The Weeder job will take much longer than the ClusterBuster job to finish, but once it does, a new file called seqs.html is generated. It contains the results for the search of common motifs from the promoter sequences. The part under header MY ADVICE will list the interesting findings for all promoter sequences:

Submitting data to public databases

This section can be skipped in this tutorial, since the data used here should not be resubmitted to the database as it already is there.

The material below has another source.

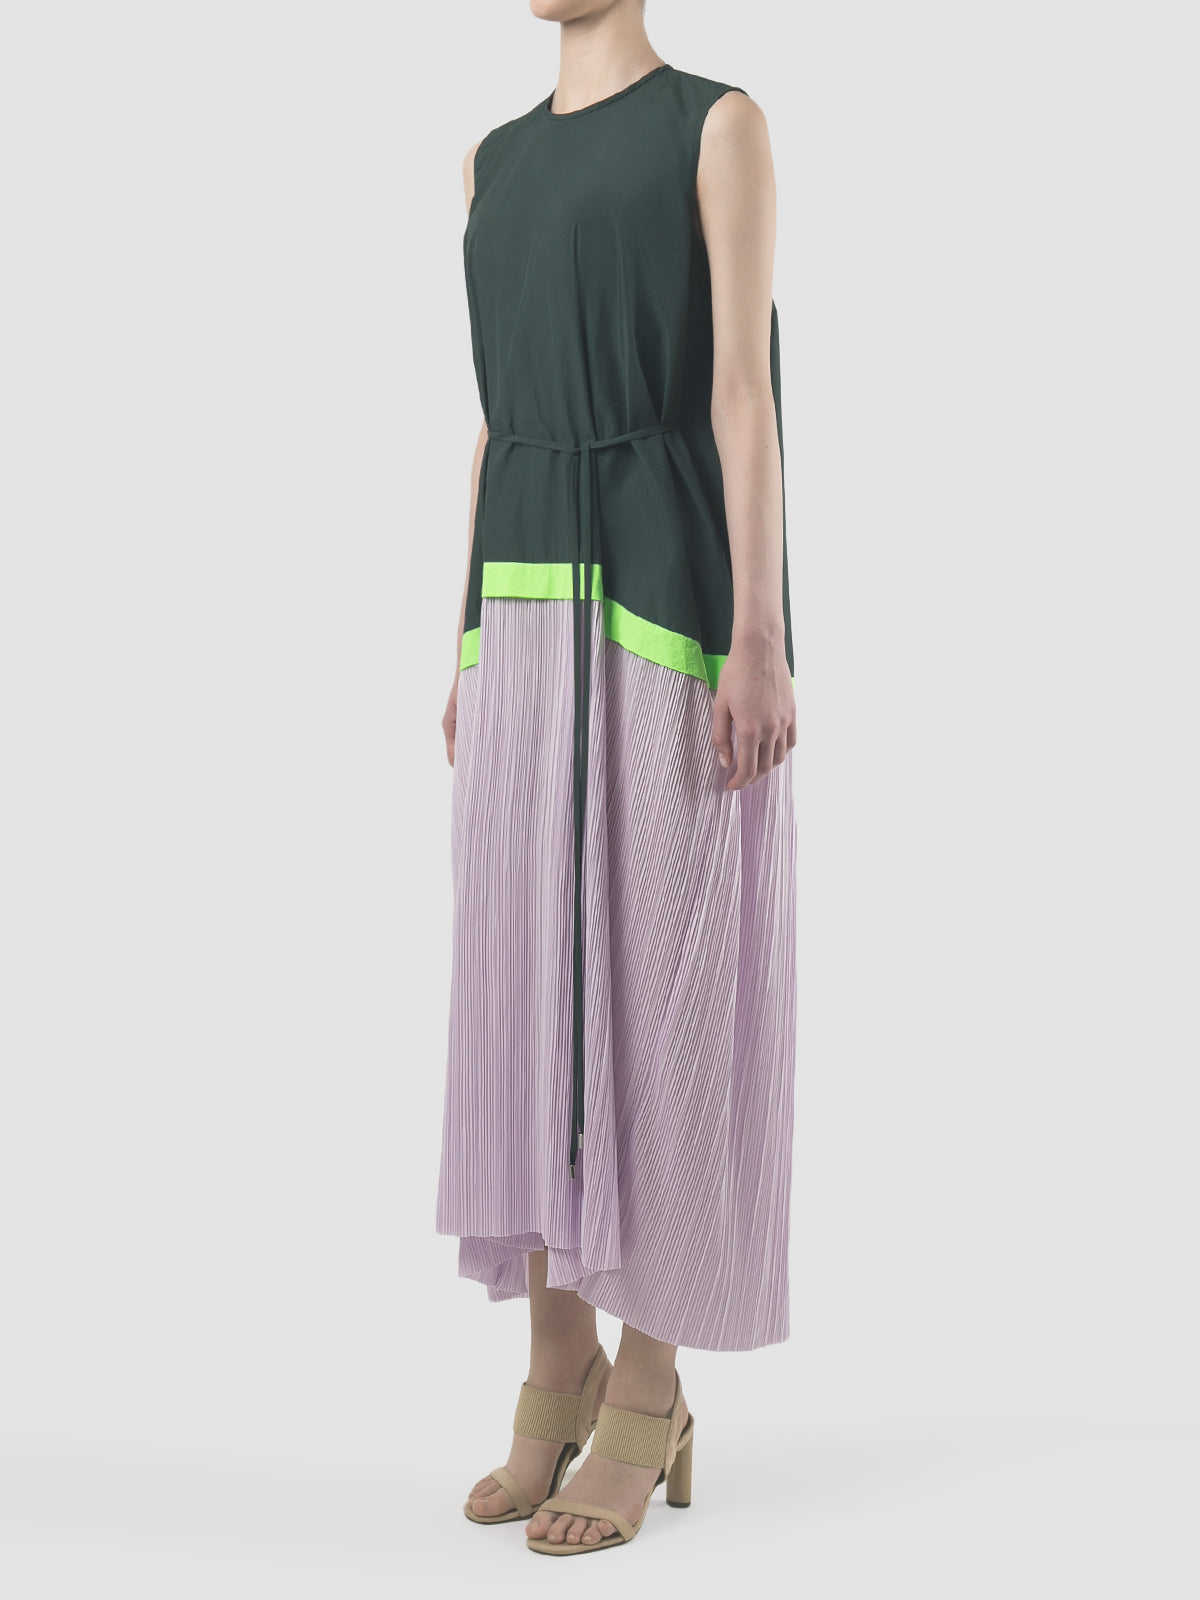 Composer forest green and lilac midi dress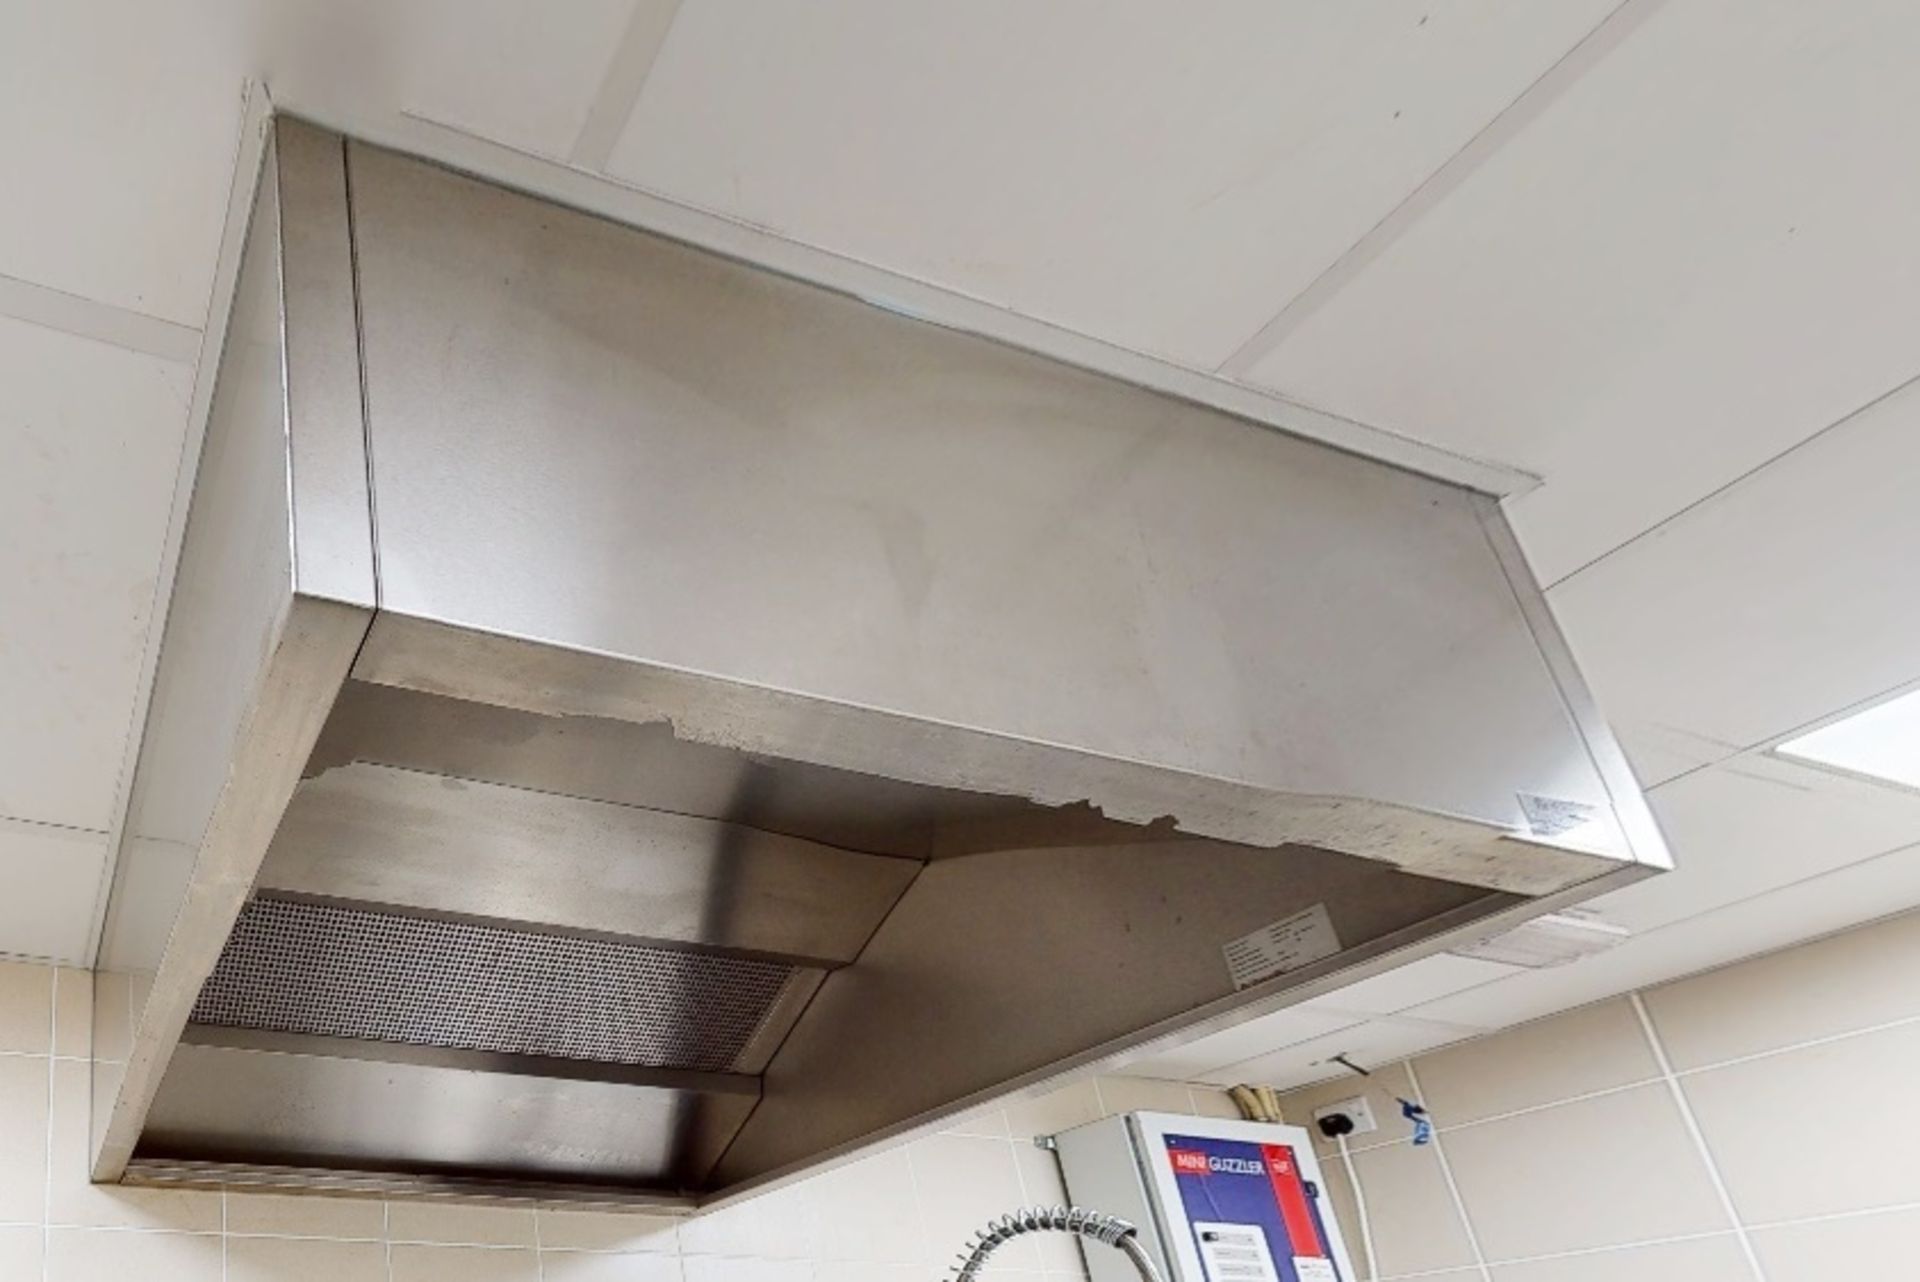 1 x Commercial Stainless Steel Extraction Canopy - CL701 - Location: Ashton Moss, Manchester, OL7 - Image 5 of 8

If you've ambitions of publishing your dataset in some good peer-reviewed journal, the data needs to be submitted to public databases. The principal ones are GEO at NCBI and ArrayExpress at EBI. Chipster contains two accessory functions to help you submit the data. The scripts Export GEO's SOFT format (for GEO database) and Export tab2mage format (for ArrayExpress database) are located under the tool category Utilities:

The scripts should be run on the normalized data. Both tools write out a text file that you need to fill in yourself, but the format is correct for batch submission to the mentioned databases. For example, Export to GEO's SOFT format generates a files soft.txt that needs to be exported:

The exported file can then be opened and edited in some word processor:

There is short description for every file, and for the whole dataset in the end of the file, and all lines beginning with ! should be filled in by the user. This file can be used in a batch submission to GEO database through a www-interface.

Documenting the work done

It is very easy to become confused of how some analysis was carried out in the first place. To help you out figuring this even after a longer session, Chipster keeps track of the analysis you've done. Select the data set containing the differentially expressed genes, and right-click on it. From the opening menu, select View history as text:

The opening History displays some relevant information regarding how the result was reached:

The history lists all the analysis steps, the tools used for them, and what parameters the tools were run with. You select what is displayed in the history by ticking the boxes above the text field. For example, you can add the complete R source code to the history if you like. You can save the history to disk by clicking on the Save-button. It is probably a good idea to save the history with the exported data files, if you're later on going use them for further analyses.